I never had any ambition of being an inventor.  While watering hanging baskets on my front porch, plus multiple others, with watering every day, I could barely keep them alive until tomorrow.  The southern exposure was brutal.  I knew that there had to be a way to adjust how much water could be retained.  You can’t just drill holes in pots that don’t already have a hole.  That solves nothing.  A couple of years later, the solution just popped into my head.  I do have some plastic moulding background, but nothing was going to happen with my solution.  Three years later, with one of my best friends, we were pitching an idea for a new level that he had patented to a large infomercial company in Wisconsin.  They loved the idea and did move forward with it.  As the meeting was ending, the said that they though we were a couple of pretty smart guys and told us exactly what they want to hear about.

  1. They don’t want new inventions.  It has to be a product that is everywhere.
  2. Everyone that uses the product knows that it has at least one big problem.  You can’t make up a problem.
  3. You have to solve the problem without significantly increasing the cost of manufacturing.  They looked for performance delta.  How much performance do you gain, vs increases in cost?
  4. It must be unique enough so that you can tell a story.

As we left the meeting, I told my friend that he had no idea regarding what happened in the meeting.  I let him know that I had a product solution which was exactly what they described.  We came back two weeks later with a very raw prototype.  We were asked to come back with another 6 prototypes.

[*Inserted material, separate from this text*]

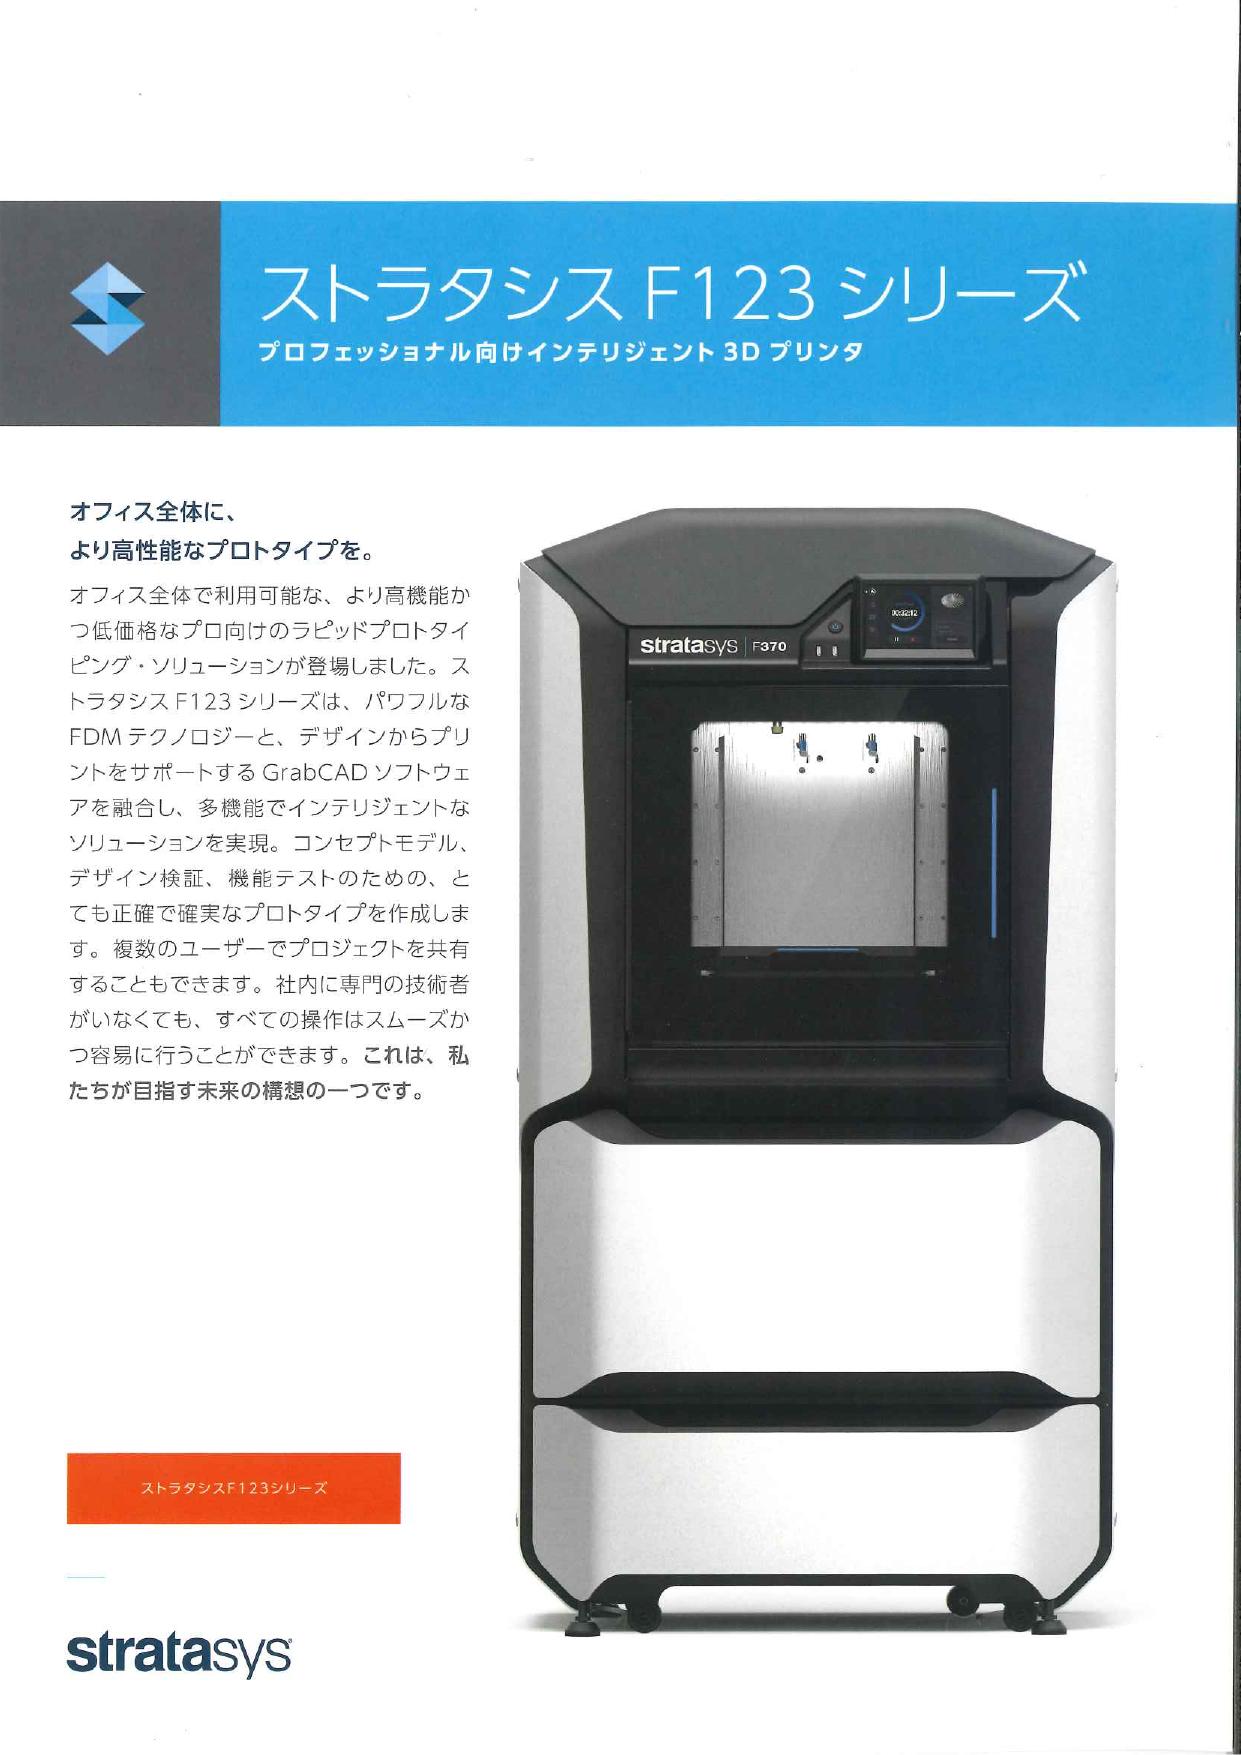 プロフェッショナル向けFDM 3Dプリンタ ストラタシスF123シリーズ

How I got to the point of having a marketable invention was sheer luck.  I had a solution to a big problem in my head with no idea what to do.  In a very important meeting that had nothing to do with me, I recognized the opportunity that was laid before me.  After much work, I did get a licensing agreement that went all the way to having a prototype tool made for the flower pot.  It was not designed to be able to make product at distribution levels.  Shortly before the infomercial was to be shot, the company was purchased by a much larger infomercial group.  Any product that was not already in a commercial production was dropped.  Up until this point, I thought it was simple to get an invention to the market.  I’d just been lucky.  Since then, I’ve chased inventors trade shows.  I’ve been on inventor’s product competitions to see what the listeners or video channel think of the planter.  I’ve never had a single negative vote.  I’ve had multiple licencing deals, but none gone anywhere.  There has been one huge drawback.  I do not have a molding production tool.  At $30K plus, this is not something that I can fund.  Every licensing agreement that I signed was for a limited amount of time.  The big hurdle was for a company to get an initial purchase order to cover the product and tooling costs.  It never happened.  

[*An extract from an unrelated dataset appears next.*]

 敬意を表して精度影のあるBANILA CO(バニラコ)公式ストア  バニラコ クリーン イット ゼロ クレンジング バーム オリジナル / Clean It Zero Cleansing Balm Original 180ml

Seven years ago, I believed that a simple idea was going to change my life with little to no work.  I’ve been to trade shows all over the country.  I’ve talked to anyone that will listen.  Knowing that my invention satisfies all of the infomercial criteria keeps me going.  The big lesson that I have learned is that regardless of what you think your invention is worth, you need to know the commercial equation solution needed to have someone jump to take it market.  I’m close, but I stay with working to make it happen.  Discouragement is a constant companion.  If you accept failure, even though you know and understand the financial equation that you must solve and satisfy, forget success.

Discouragements come easily.  I lack a production tool.  I keep contacting moulding companies as to the new cost of the tool.  As technology advances, the digital tools required to make the mould continue to become less expensive.  It’s still out of my reach.  I have no social media presence because more rejection really hurts.  The closer you get to success, the steeper the hill becomes.  Get ready for the pain.  You will need to become forged by a hotter fire.